● **Task to complete**
When you reach the line that contains "Fondo borroso abstracto", begin copying exactly and continue through the last line below. Do not copy pictures.

● **Dataset excerpt**

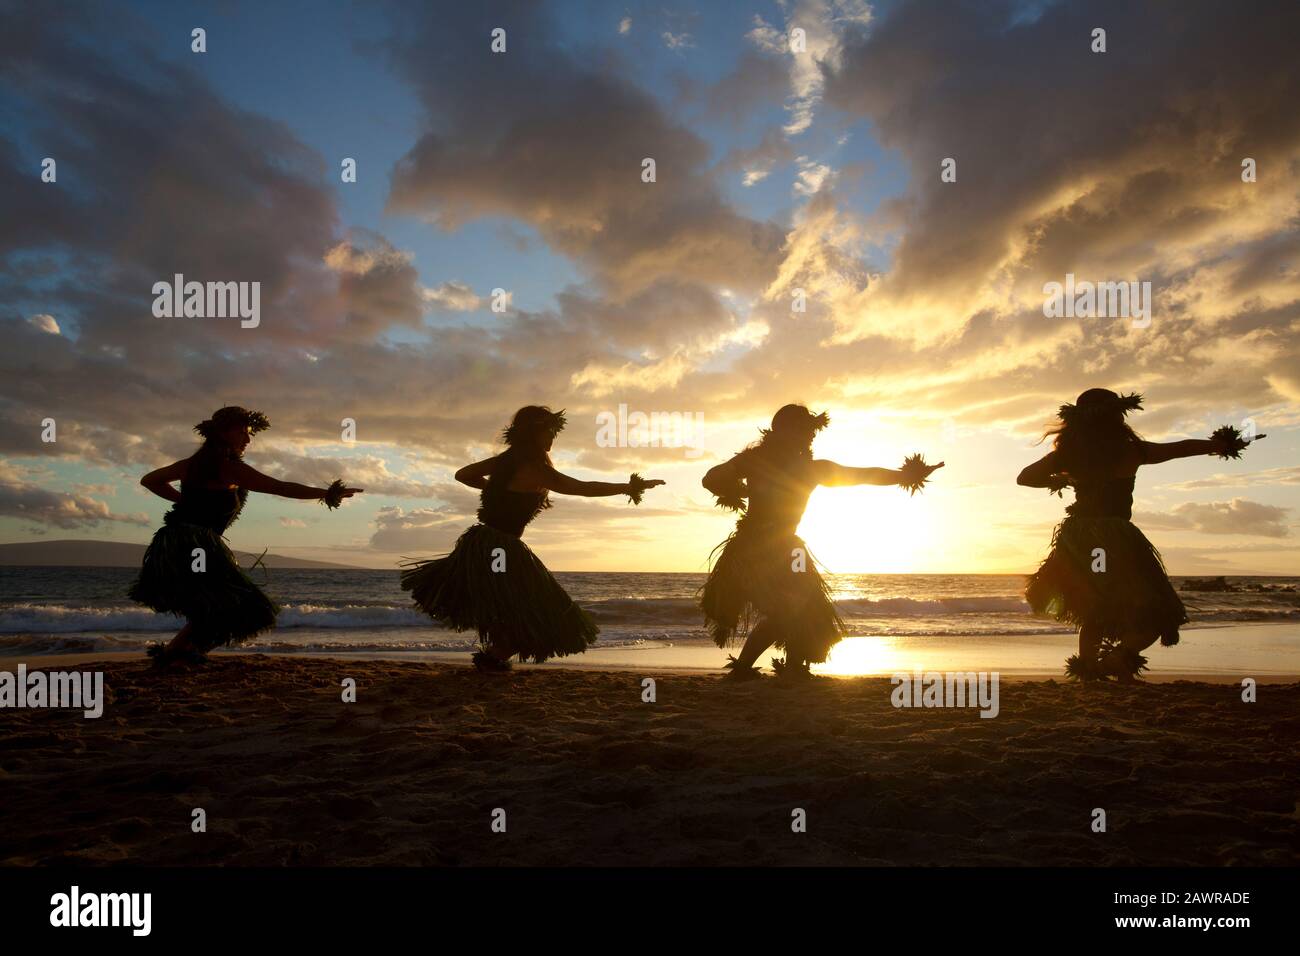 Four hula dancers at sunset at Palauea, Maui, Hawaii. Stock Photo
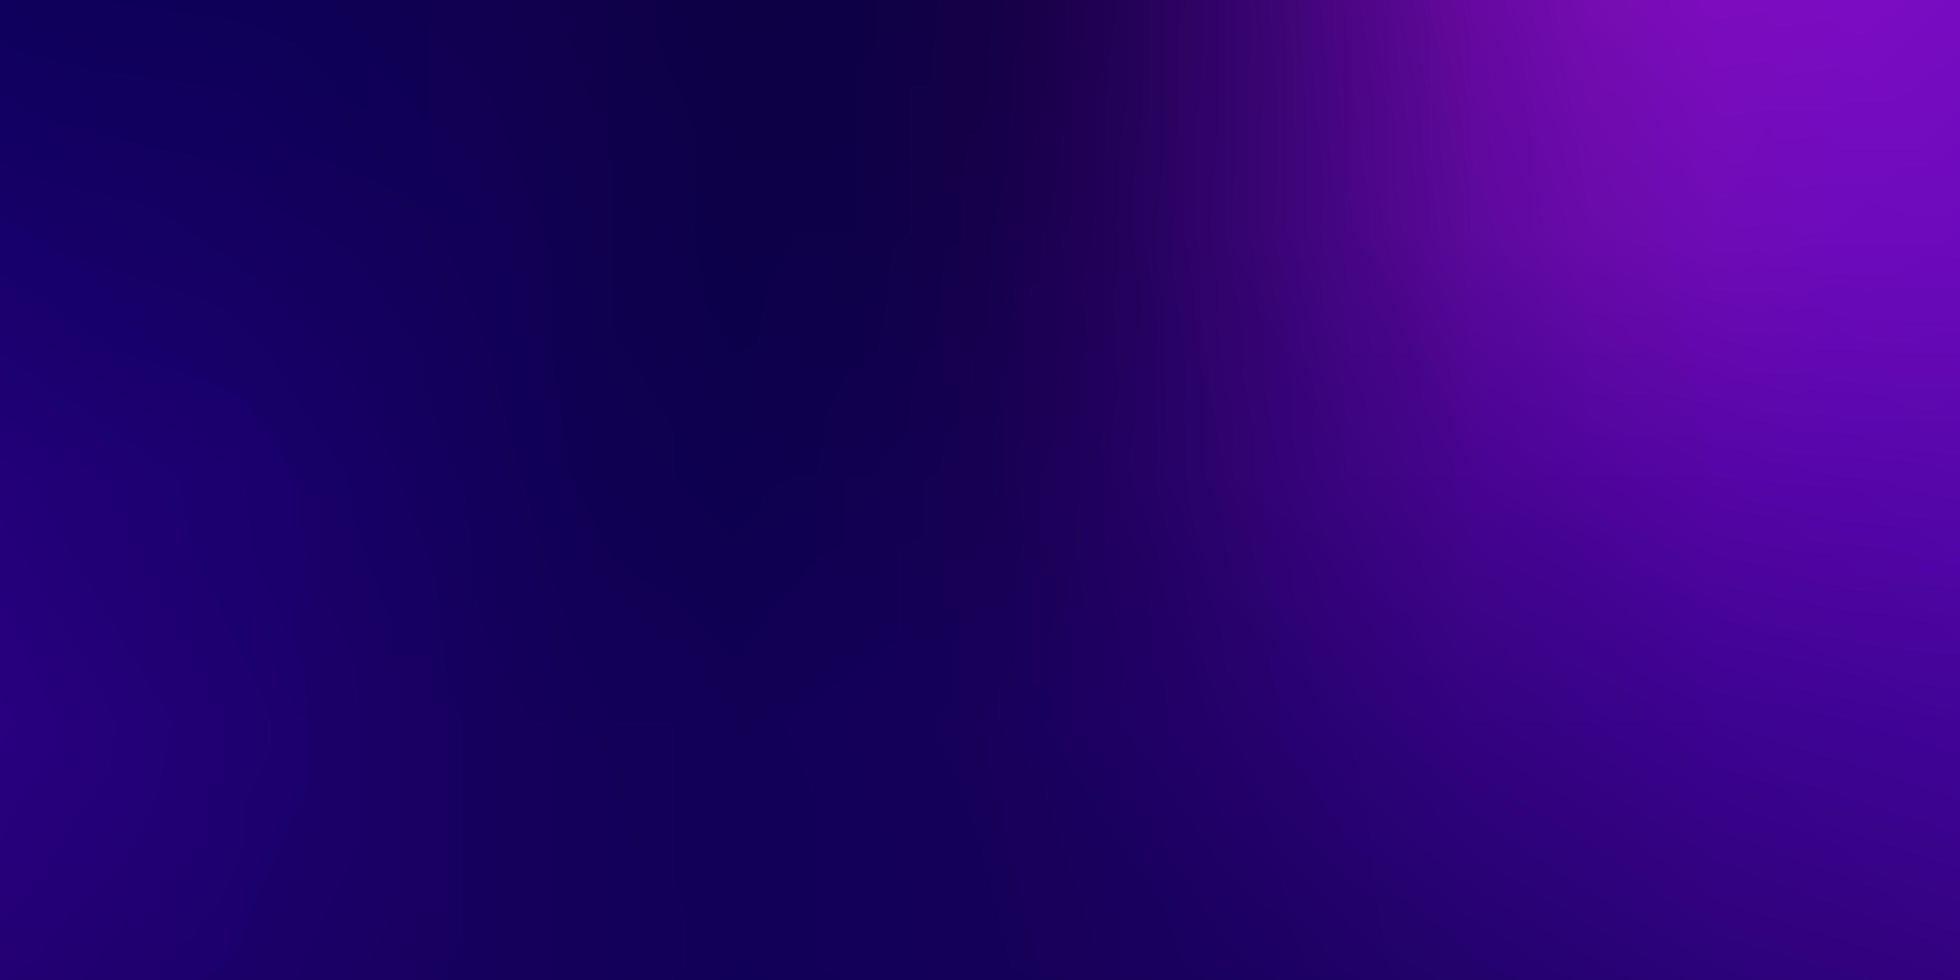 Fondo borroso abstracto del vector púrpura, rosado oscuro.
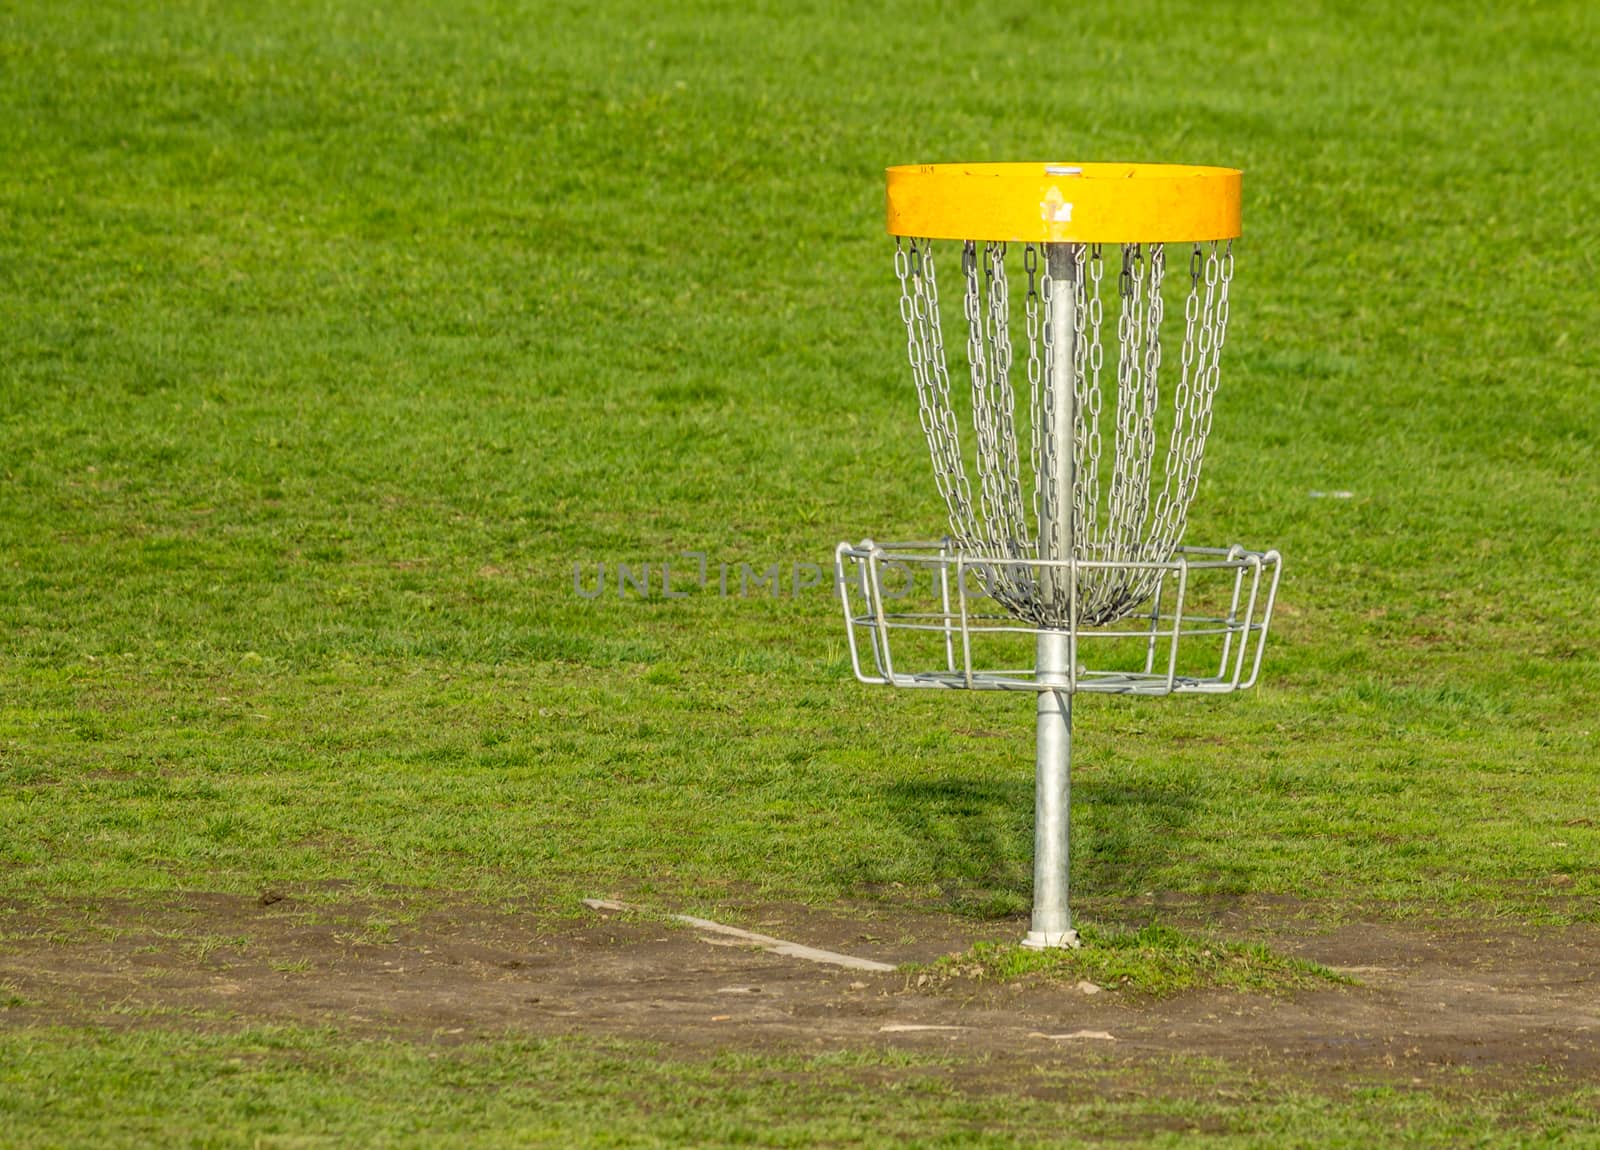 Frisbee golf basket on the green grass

● **Answer section**
 Fondo borroso abstracto del vector púrpura, rosado oscuro.
 Frisbee golf basket on the green grass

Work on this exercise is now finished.